A vector (length equal to the number of frames) of matrices; each matrix is a (6 x number of dofs) jacobian matrix for the corresponding frame of reference on the robot. It is resized as necessary inside this function.

Return type

list

property masses

The mass of each rigid body (or combination of rigid bodies) in the robot.

Returns

The masses as an array

Return type

numpy.ndarray

property metadata

Retrieves a list of info about each individual element which composes this robot

Return type

list

solve_inverse_kinematics(initial_positions, *objectives, **kwargs)

Solves for an inverse kinematics solution given a set of objectives.

To avoid unnecessary allocations, provide output as a keyword argument. This argument must be a numpy array or matrix with dtype float (np.float64) with size equal to the initial positions. e.g.,

robot.solve_inverse_kinematics(positions, obj1, obj2, output=calc_pos) # calc_pos.size == positions.size

Deprecation notice: It is deprecated to pass a str in as a parameter for initial_positions. This functionality will be removed in a future release.

Parameters
  • initial_positions (str, list, numpy.ndarray, ctypes.Array) – The seed positions/angles (in SI units of meters or radians) from which to start the IK search; equal in length to the number of DoFs of the kinematic tree.

  • objectives – A variable number of objectives used to define the IK search (e.g., target end effector positions, etc). Each argument must have a base class of Objective.

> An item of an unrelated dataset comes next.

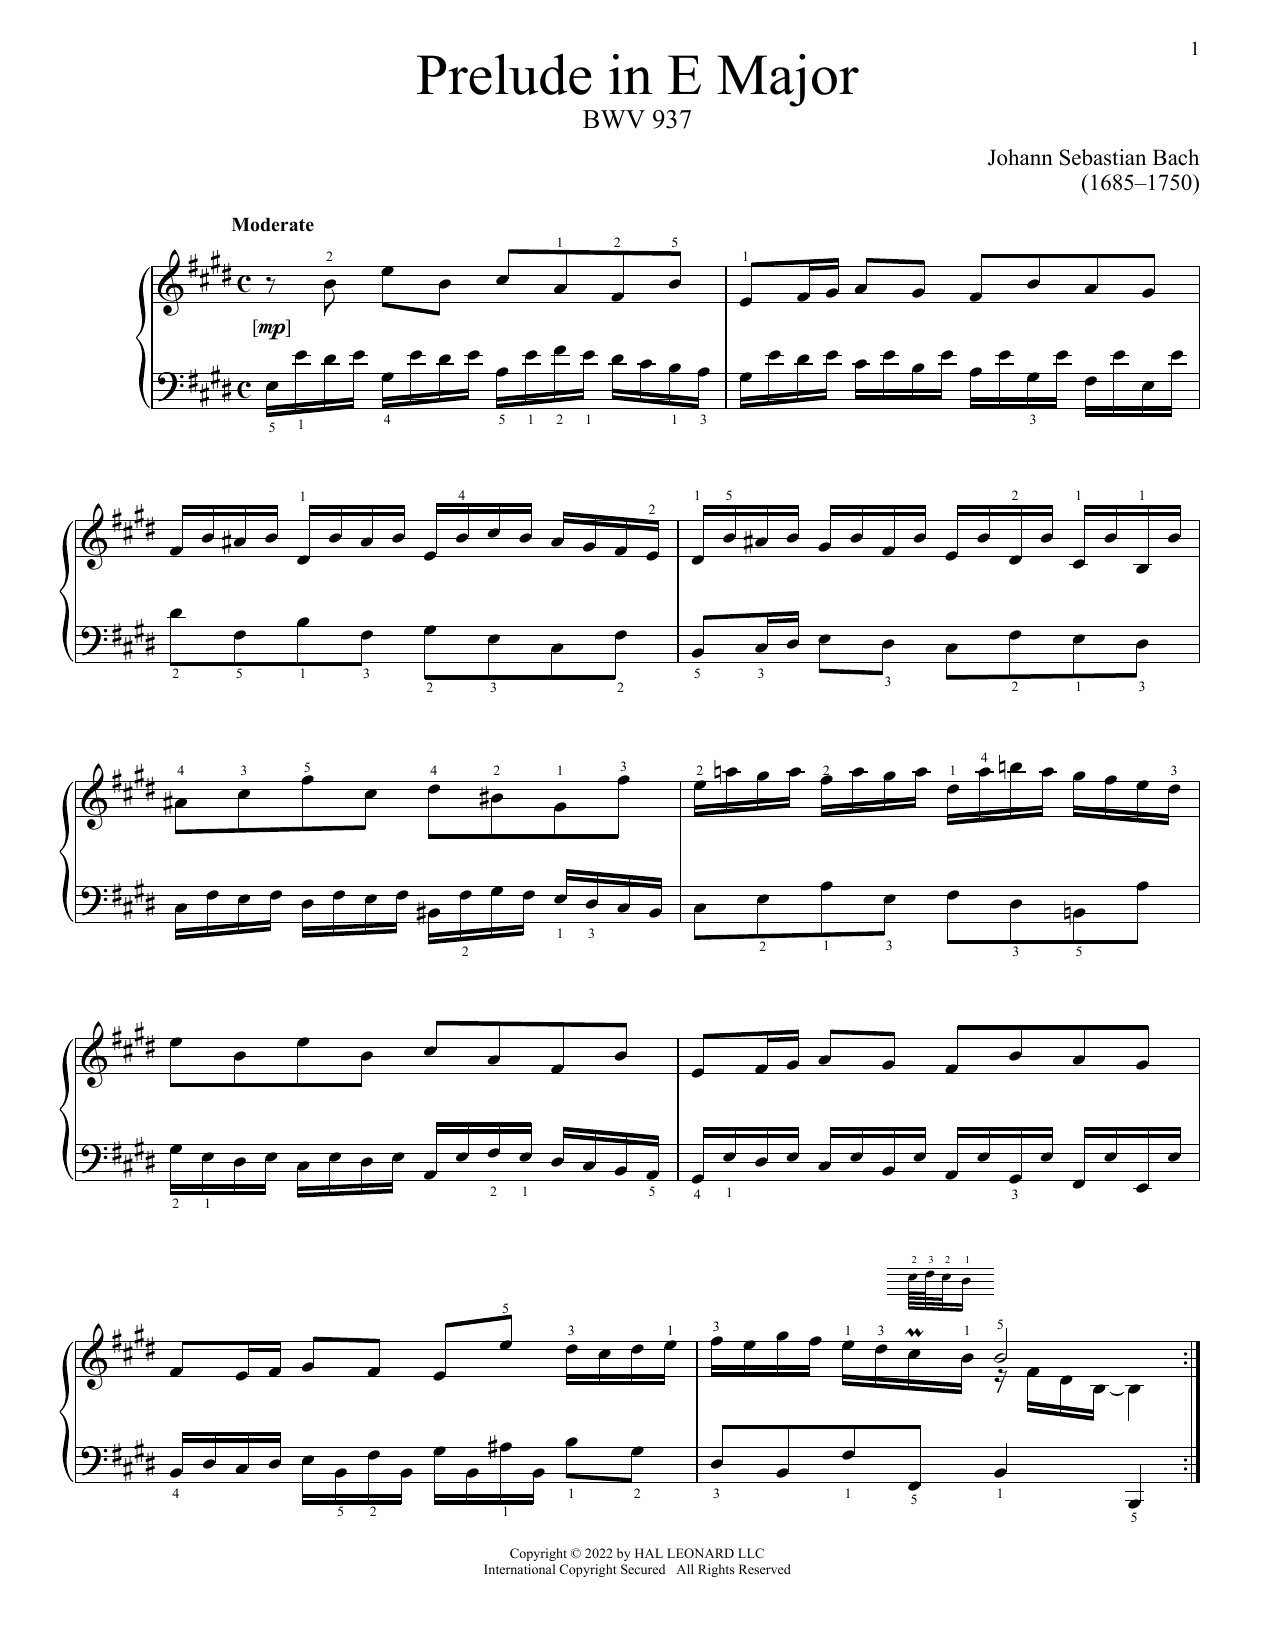 Johann Sebastian Bach Prelude In E Major, BWV 937 Sheet Music Notes & Chords for Piano Solo - Download or Print PDF

  • kwargs – An optional keyword arguments map, which currently only allows an output argument

Returns

A vector equal in length to the number of DoFs of the kinematic tree; this will be filled in with the IK solution (in SI units of meters or radians) and resized as necessary.

Return type

numpy.ndarray

Raises
  • HEBI_Exception – If the IK solver failed

  • TypeError – If any of the provided objectives are not an objective type

  • ValueError – If the initial_positions input is not equal to the degrees of freedom of the RobotModel or has non-finite elements (_i.e_, nan, +/-inf)

HRDF Importing

robot_model.import_from_hrdf(warning_callback=None)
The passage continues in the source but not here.